E: Outra alternativa organizacional defendida pelo senhor é a desfragmentação do currículo. Podemos nos amparar na teoria histórico-crítica para afirmar que a forma como o currículo se apresenta hoje, não contribui para a formação humana integral?
DS: Efetivamente o currículo das escolas, no Brasil, vinha se caracterizando, de modo geral, por uma grande dispersão e certa improvisação traduzida na tendência a ir incluindo, segundo demandas ocasionais, novas disciplinas ou atividades sem um plano orgânico que justificasse a inclusão. E agora, com o advento da denominada "Base Nacional Comum Curricular" (BNCC), essa situação se agravou ainda mais, pois sua principal base de sustentação é a chamada "pedagogia das competências" que visa a uma formação que permita ajustar os indivíduos ao mercado de trabalho elencando as competências requeridas e satisfazendo o objetivo da seleção de conteúdos que serão objeto dos testes gerais de avaliação segundo parâmetros padronizados. Assim, o currículo se distancia ainda mais da formação humana integral.

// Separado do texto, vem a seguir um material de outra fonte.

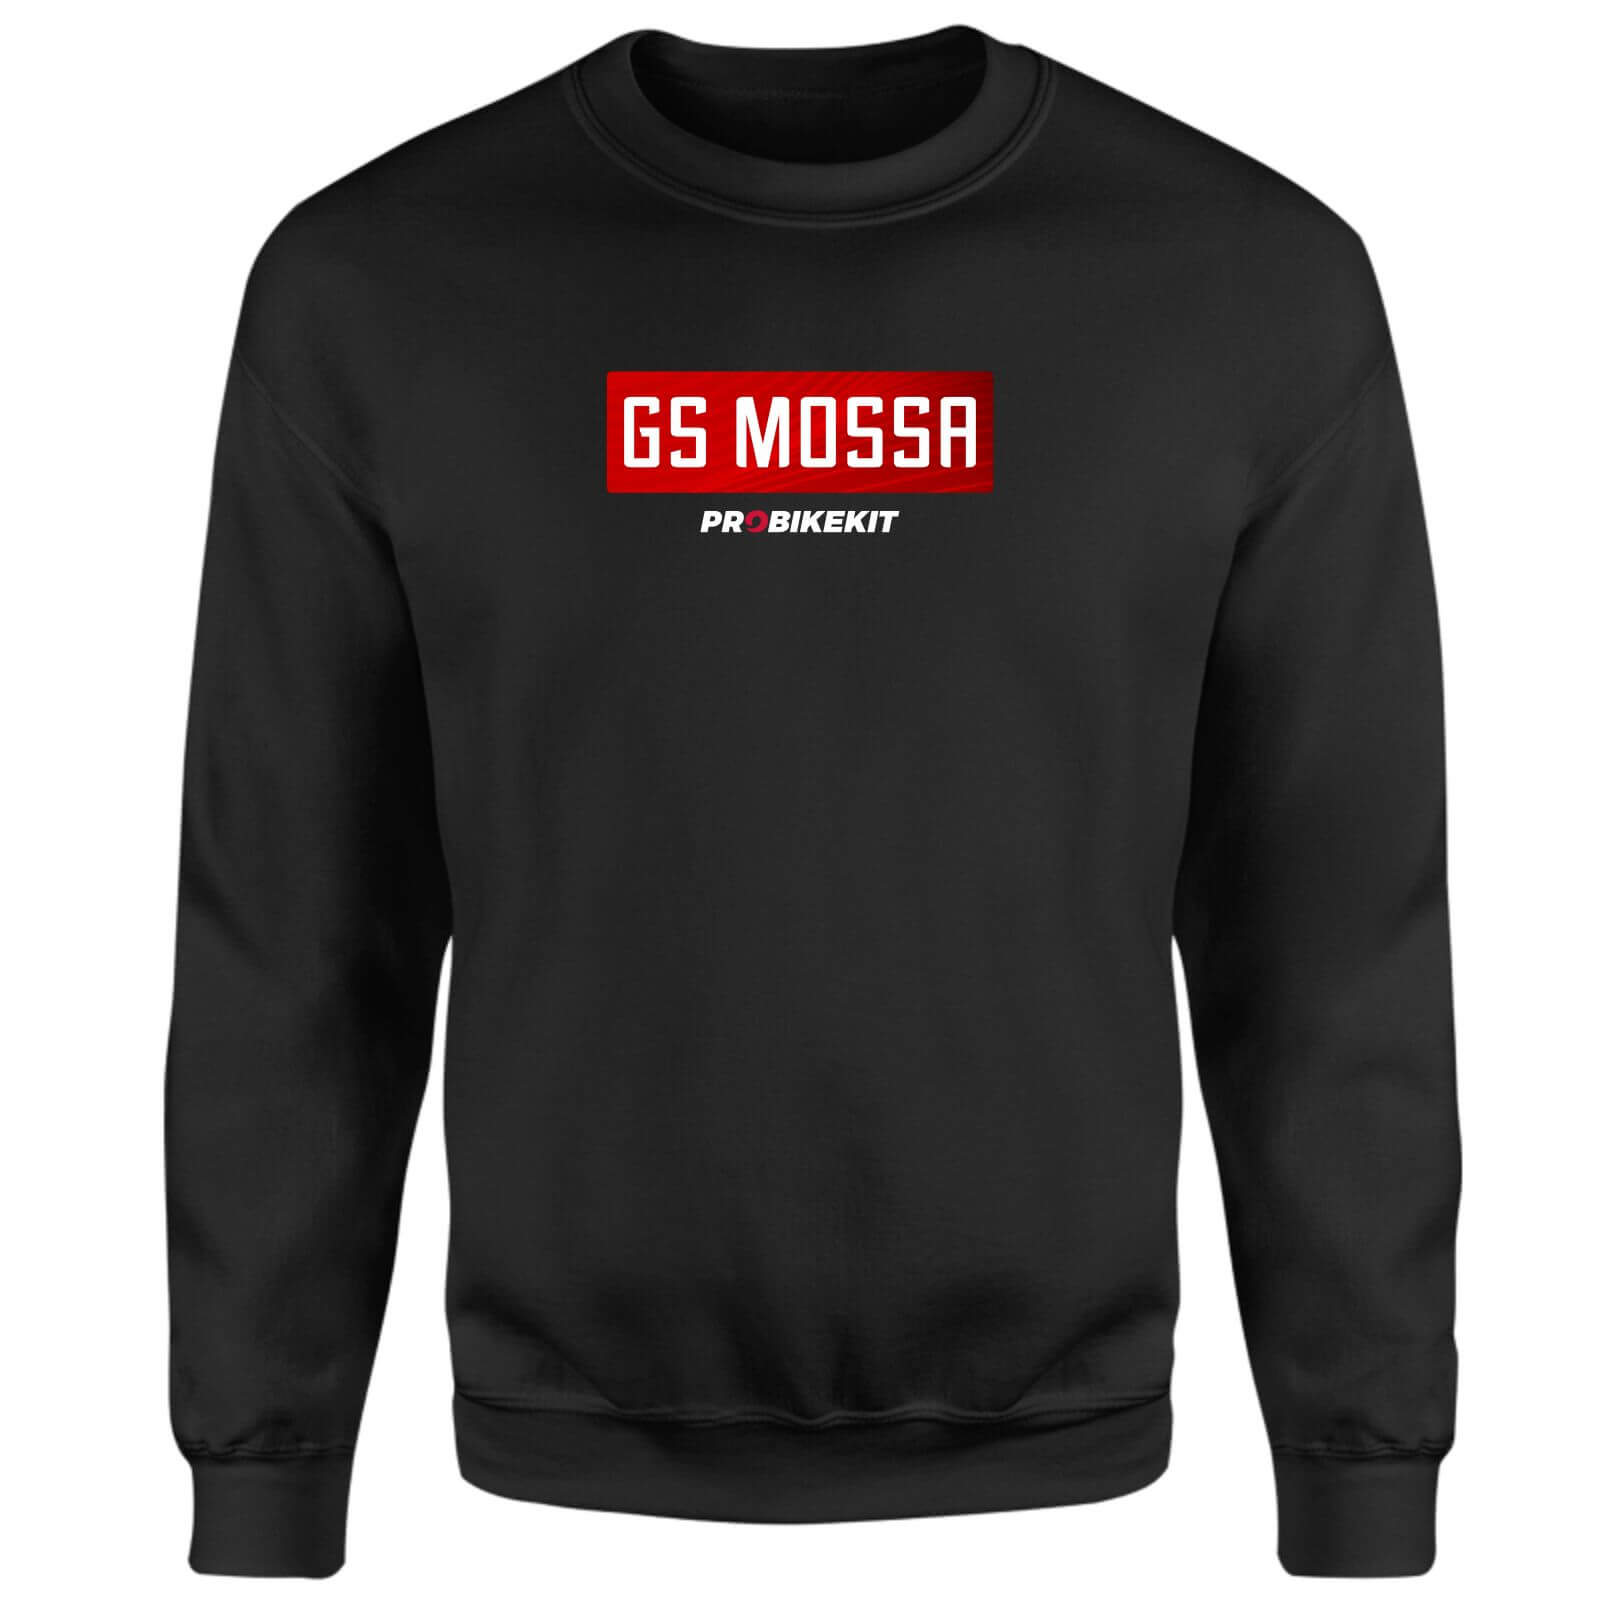 PBK GS Mossa Boxed Chest Logo Sweatshirt - Black - M - Black

E: Professor, sabemos que o senhor acompanhou as discussões e controvérsias relacionadas a BNCC. Mas, para além, do processo antidemocrático na qual ela foi concebida, qual sua opinião sobre uma base curricular nacional? Faz sentido pensarmos numa base comum se mantivermos a defesa do acesso ao conhecimento tal qual ele é defendido pelo Sr. na pedagogia histórico-crítica?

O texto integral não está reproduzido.